On March 2, 1903, he began construction on what was to become the world’s largest chocolate manufacturing company, only he didn’t know that it would become a large company. The facility, completed in 1905, was designed to manufacture chocolate using the latest mass production techniques. Hershey’s milk chocolate quickly became the first nationally marketed product of its kind.
The factory was in the center of a dairy farmland, but with Hershey’s support, houses, businesses, churches, and a transportation infrastructure accreted around the plant. Because the land was surrounded by dairy farms, Hershey was able to use fresh milk to mass-produce quality milk chocolate. Hershey continued to experiment and perfect the process of making milk chocolate using the techniques he had first learned for adding milk to make caramels when he had moved to Colorado.
On May 25, 1898, Hershey married Catherine “Kitty” Sweeney. Since the couple could not have children, they decided to help others, establishing the Hershey Industrial School with a Deed of Trust in 1909. Catherine died of Tuberculosis in 1915 and Hershey never remarried. In 1918, Hershey transferred the majority of his assets, including control of the company, to the Milton Hershey School Trust fund, to benefit the Industrial School. The trust fund has a majority of voting shares in The Hershey Company, allowing it to keep control of the company. In 1951, the school was renamed the Milton Hershey School. The Milton Hershey School Trust also has 100% control of Hershey Entertainment and Resorts Company, which owns the Hotel Hershey and Hersheypark, among other properties. He took great pride in the growth of the school, the town, and his business. He placed the quality of his product and the well-being of his workers ahead of profits.
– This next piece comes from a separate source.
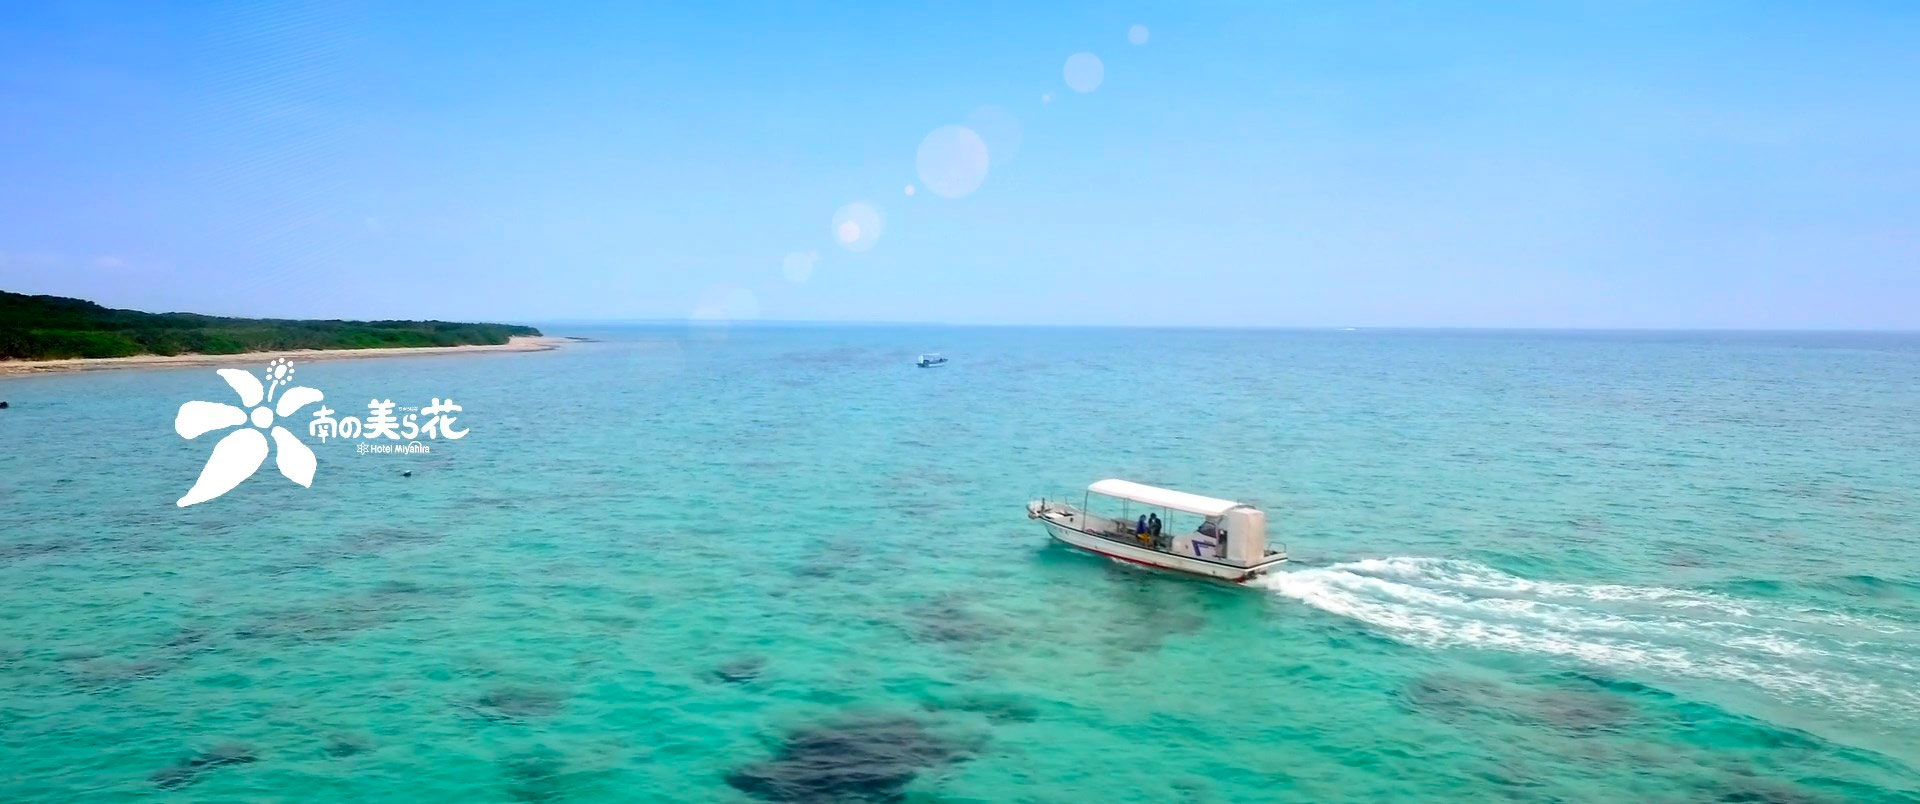 People on a boat in the ocean near Hotel Miyahira in Ishigaki, Okinawa, Japan

- He was part of a forward-looking group of entrepreneurs in this country and abroad who believed that providing better living conditions for their workers resulted in better workers…Milton Hershey conceived of building a community that would support and nurture his workers. Developing the community became a lifelong passion for him.
In 1935, Hershey established the M.S. Hershey Foundation, a private charitable foundation that provides educational and cultural opportunities for Hershey residents. The foundation supplies funding for three entities: the Hershey Museum and Hershey Gardens, the Hershey Theatre and the Hershey Community Archives.
The founding of the Penn State Milton S. Hershey Medical Center occurred when the board of the trust went to the Dauphin County Orphans Court with the cy-près doctrine (cy près is a French phrase meaning “As close as possible”). It was a gift from the Milton Hershey School Trust to the people of Pennsylvania, with an initial endowment of $50 million and only one restriction—the hospital had to be built in Hershey. The hospital is a teaching hospital with an annual budget exceeding the initial construction cost.